The jerk of the van wakes me up again.

“We’re here,” the driver announces. He opens the door for me and I get out, stretch my legs and shake away the grogginess. I look up at the big hospital and its intimidating windows and steel all reflect a different person in each pane. He guides me to the sliding doors and it suddenly hits me that I’m alone. Completely alone. My parents begrudgingly agreed to pick me up, but not to see me off. My knees buckle a bit and I nearly collapse.

“Okay?” the driver asks. I nod and my tongue flaps in my dry mouth.

“Okay.”

I suck in a deep breath and check myself in. I meet my doctor to go over procedure one more time. It all blurs in my head. The next thing I know they’re telling me to count backwards from one hundred… ninety nine… ninety eight…

Sometimes during the surgery I periodically wake up. I can’t feel my legs. I glance down and realize I don’t have them anymore, or a torso.

I wake up. I don’t know how long I’ve been out. The doctor assured me the new procedures go so quickly now that I could recover within a day. I feel much heavier than before. When I try to move my legs, they make a little whirring noise before they get started. I’m delighted to hear it. The high-quality synthetic flesh looks and feels real, and lets me feel outside stimuli, but just beneath it the skeleton is now steel, my connective tissue replace by wires.

I’m reborn.

I touch my face; naturally, they had to leave that alone, and I didn’t have a problem with that.
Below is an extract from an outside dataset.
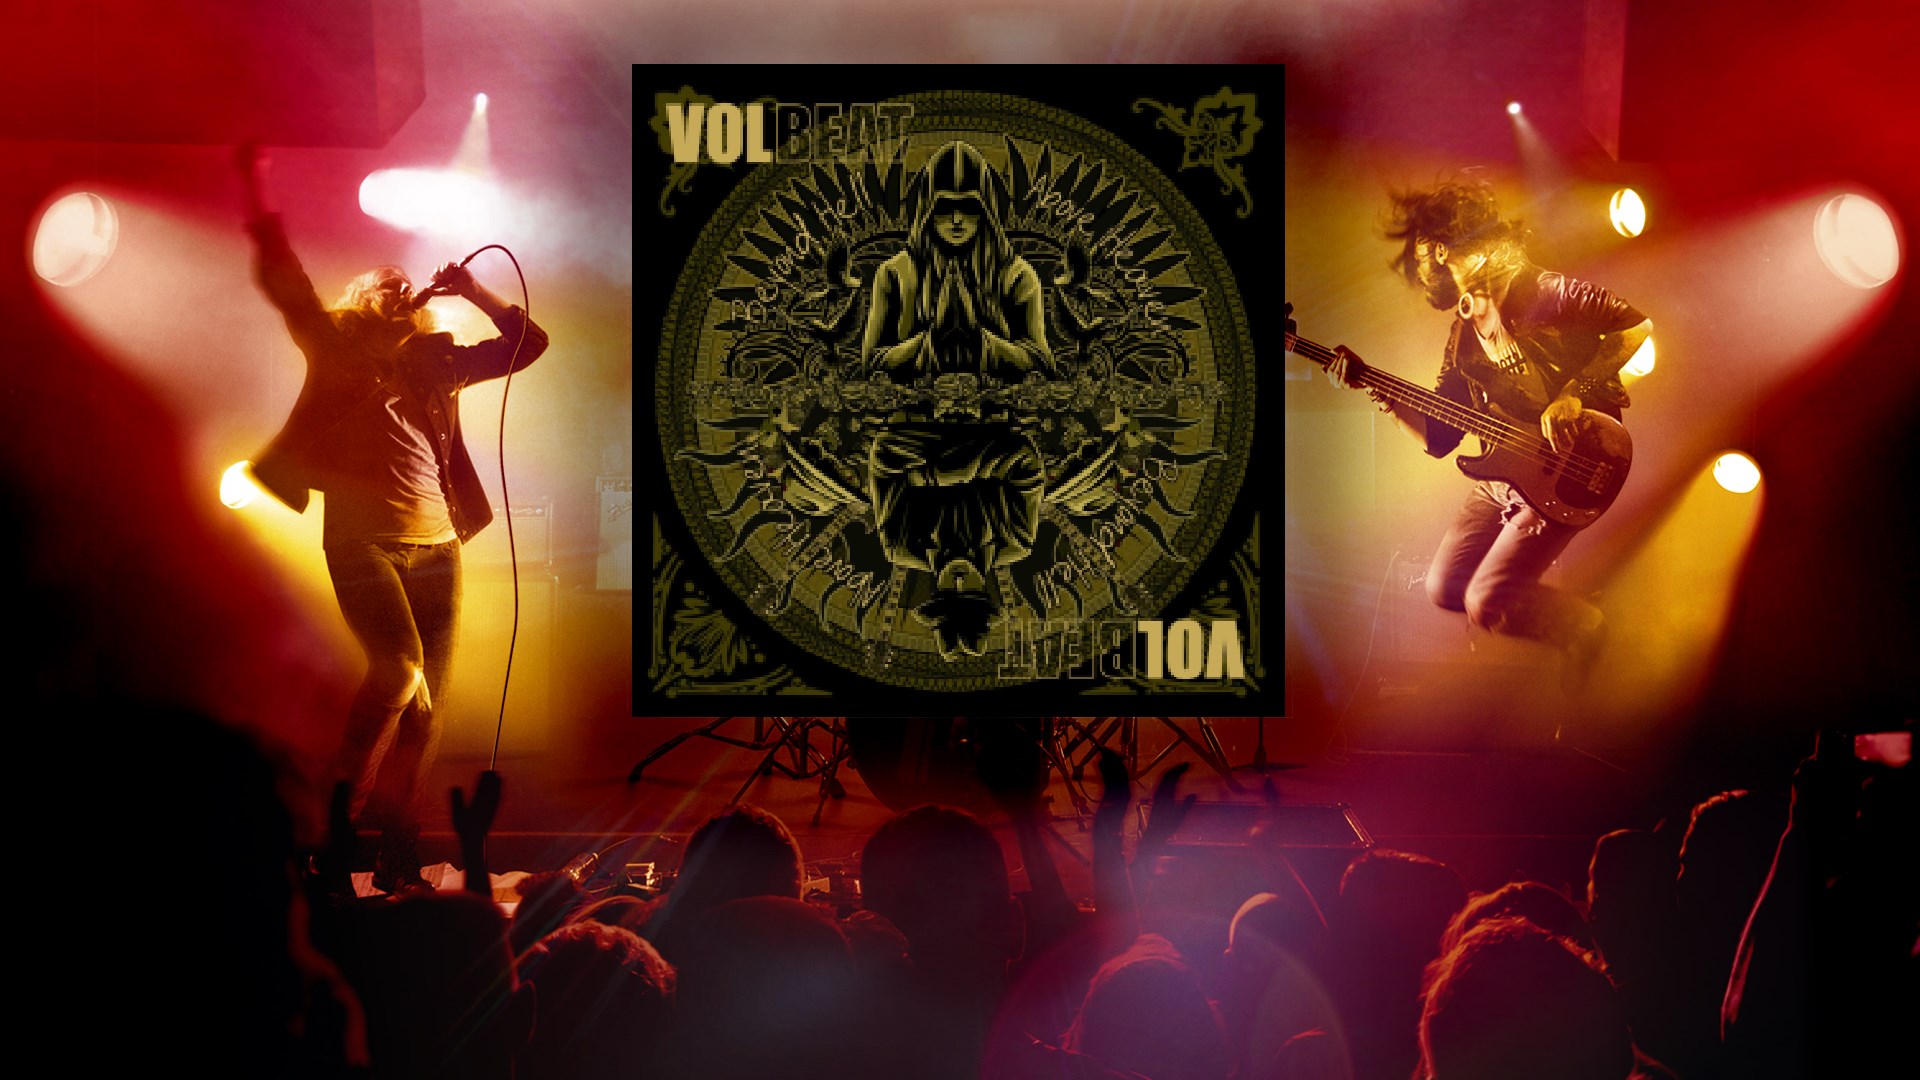 Volbeat Hd Wallpapers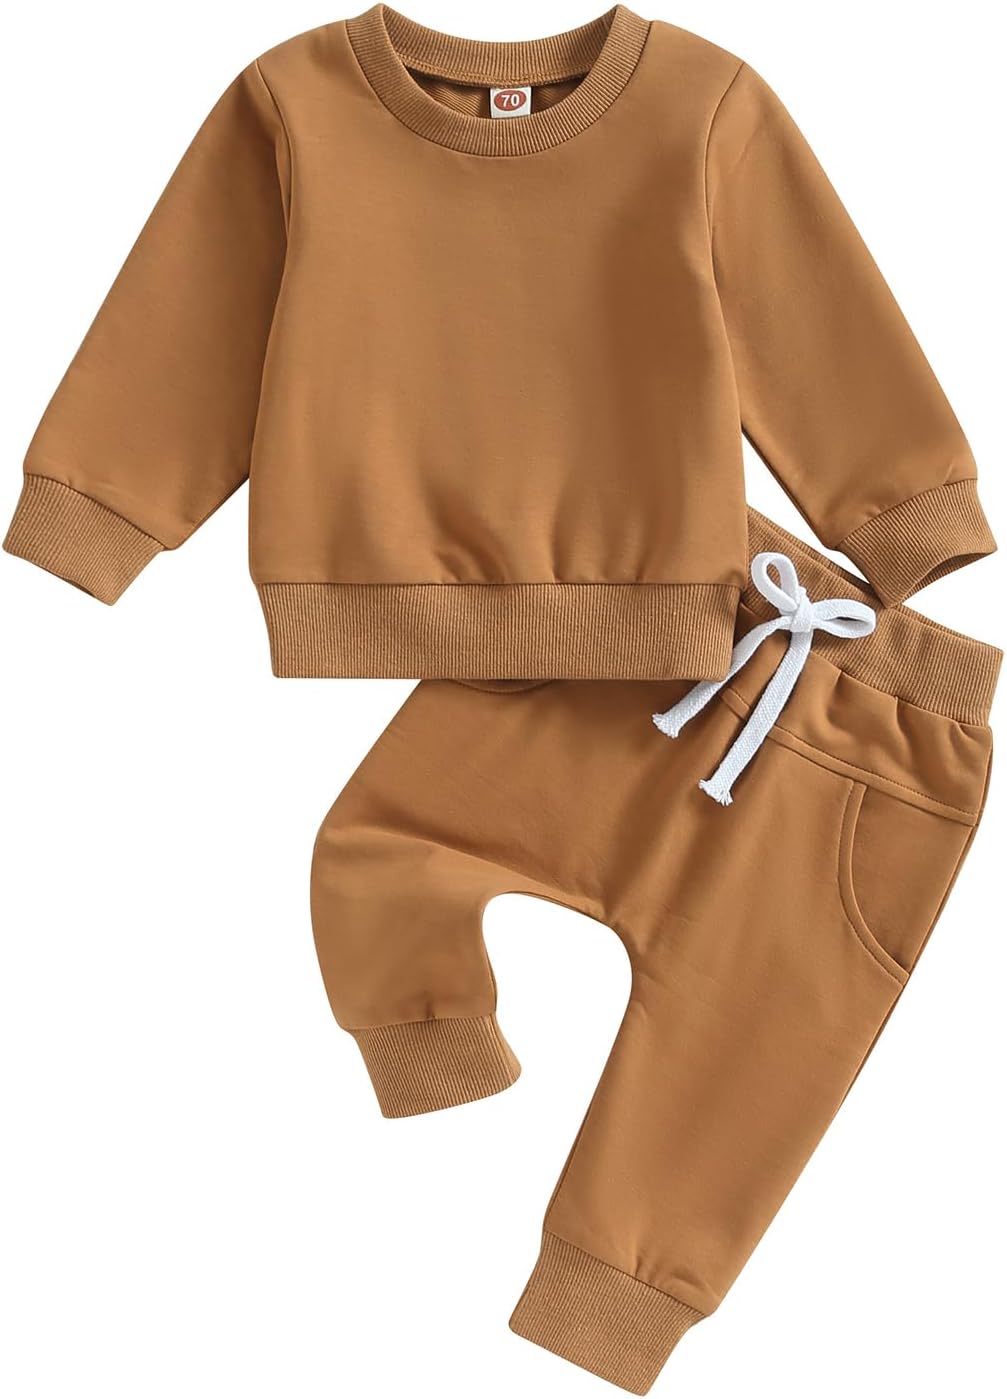 Thorn Tree Toddler Baby Boys Fall Outfits Long Sleeve Pull On Sweatshirt Elastic Waist Pants 2Pcs Solid Clothes Set

I still like the look of my face. They said they can give me a functioning interchangeable genital “set” as we discussed―to make things a little more human―but I honestly doubt I will take them.

They keep me in the hospital for a few more days, tests to make sure I’m functioning. Tell me how to take care of myself, and order me physical therapy so I can learn how to move and walk on my own again. Until then, I’ll be hovercraft-bound for a bit.

On the fourth day, my parents come pick me up. Maybe it’s the sun, or maybe it’s my new optics, but everything looks considerably brighter than the last time I saw them. Dad is even smiling. I’m rolled out to their SUV and helped inside, by mom and dad personally. When we’re all in, she turns to me and caresses my cheek.

“Welcome home, dear,” she says.

Maybe they’re ready to accept their new chrome offspring. It won’t be an easy road, but at least a road is there now.